Inner measure

An inner measure is a function defined on all subsets of a given set, taking values in the extended real number system. It can be thought of as a counterpart to an outer measure. Whereas outer measures define the "size" of a set via a minimal covering set (from the outside), inner measures define the size of a set by approximating it with a maximal subset (from the inside). Although it is possible to develop measure theory with outer measures alone -- and many modern textbooks do just this -- Henri Lebesgue, in his 1902 thesis "Intégrale, longueur, aire" ("Integral, Length, Area"), used both inner measures and outer measures.
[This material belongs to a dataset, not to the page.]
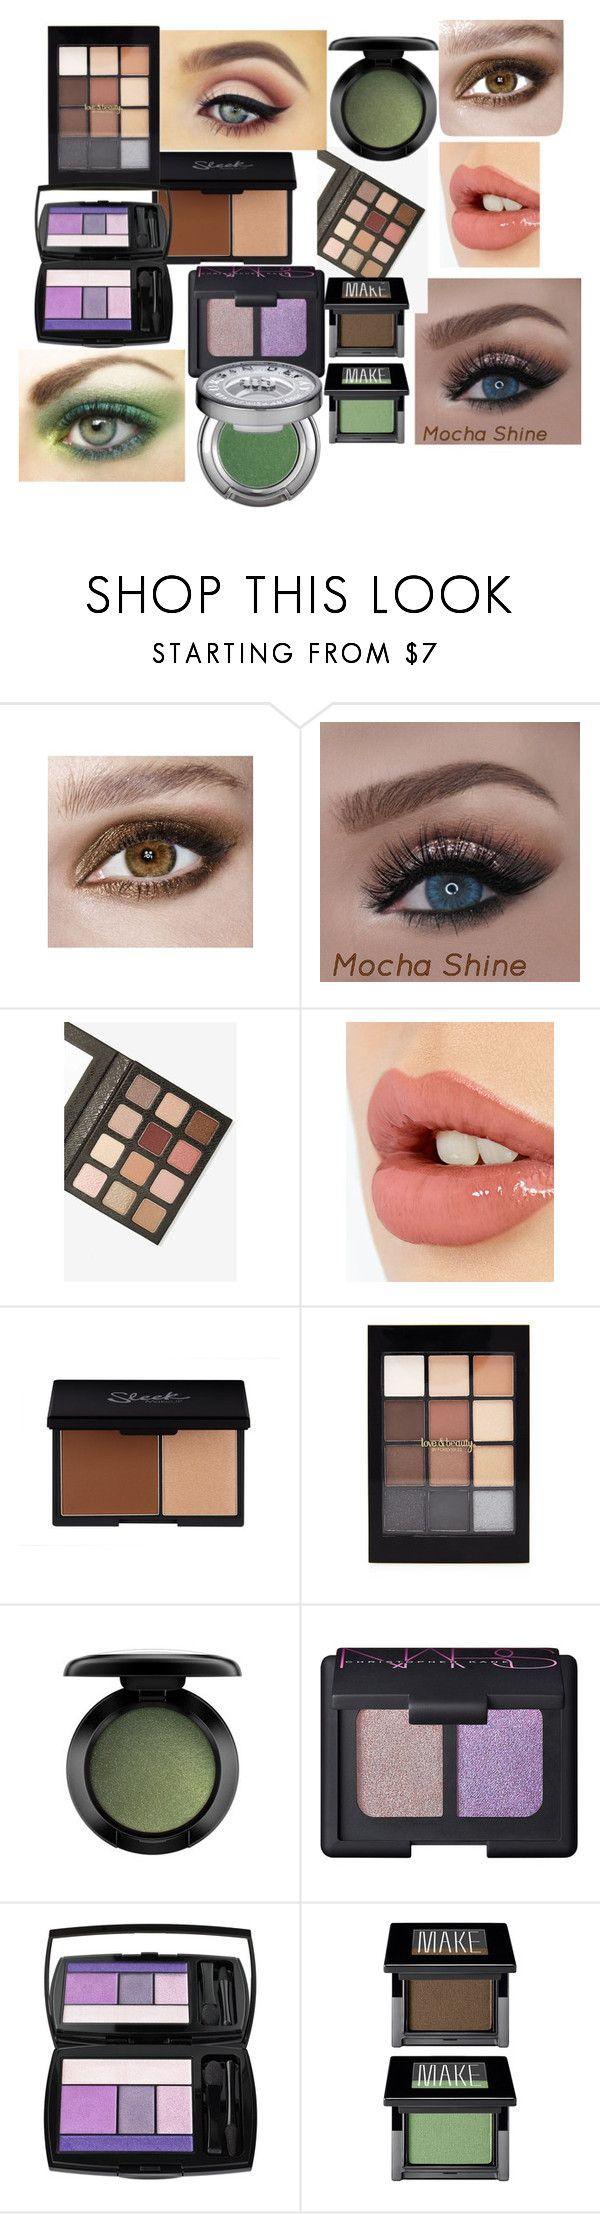 """макияж"" by artemia-13 on Polyvore featuring мода, Charlotte Tilbury, Forever 21, MAC Cosmetics, Lancôme, Make и Urban Decay"

It was not until Constantin Carathéodory made further contributions to the development of measure theory that inner measures were found to be redundant and an alternative notion of a "measurable" set was found.

Definition

An outer measure ${\displaystyle \mu ^{*}}$ is usually defined in terms of open intervals as

${\displaystyle \mu ^{*}(A)=\inf \left\{\sum _{i=1}^{\infty }|b_{i}-a_{i}|:A\subseteq \bigcup _{i=1}^{\infty }(a_{i},b_{i})\right\}.}$

When working with subsets of ${\displaystyle \mathbb {R} }$, any open set can be written as a union of open intervals. Therefore, it is possible to define the outer measure in terms of general open sets, as

${\displaystyle \mu ^{*}(A)=\inf\{\mu (B):A\subseteq B,B{\text{ open}}\},}$

where ${\displaystyle \mu (B)}$ is defined in the intuitive way, i.e. ${\displaystyle \mu (I)=b-a}$ for any open interval ${\displaystyle I=(a,b)}$, and

${\displaystyle \mu (B)=\sum _{k=1}^{\infty }\mu (I_{k}).}$

whenever ${\displaystyle B}$ is a disjoint union of open intervals, ${\displaystyle B=\cup _{k=1}^{\infty }I_{k}}$. If ${\displaystyle B}$ is unbounded, then ${\displaystyle \mu (B)=\infty }$, and if ${\displaystyle B=\emptyset }$, then ${\displaystyle \mu (B)=0}$.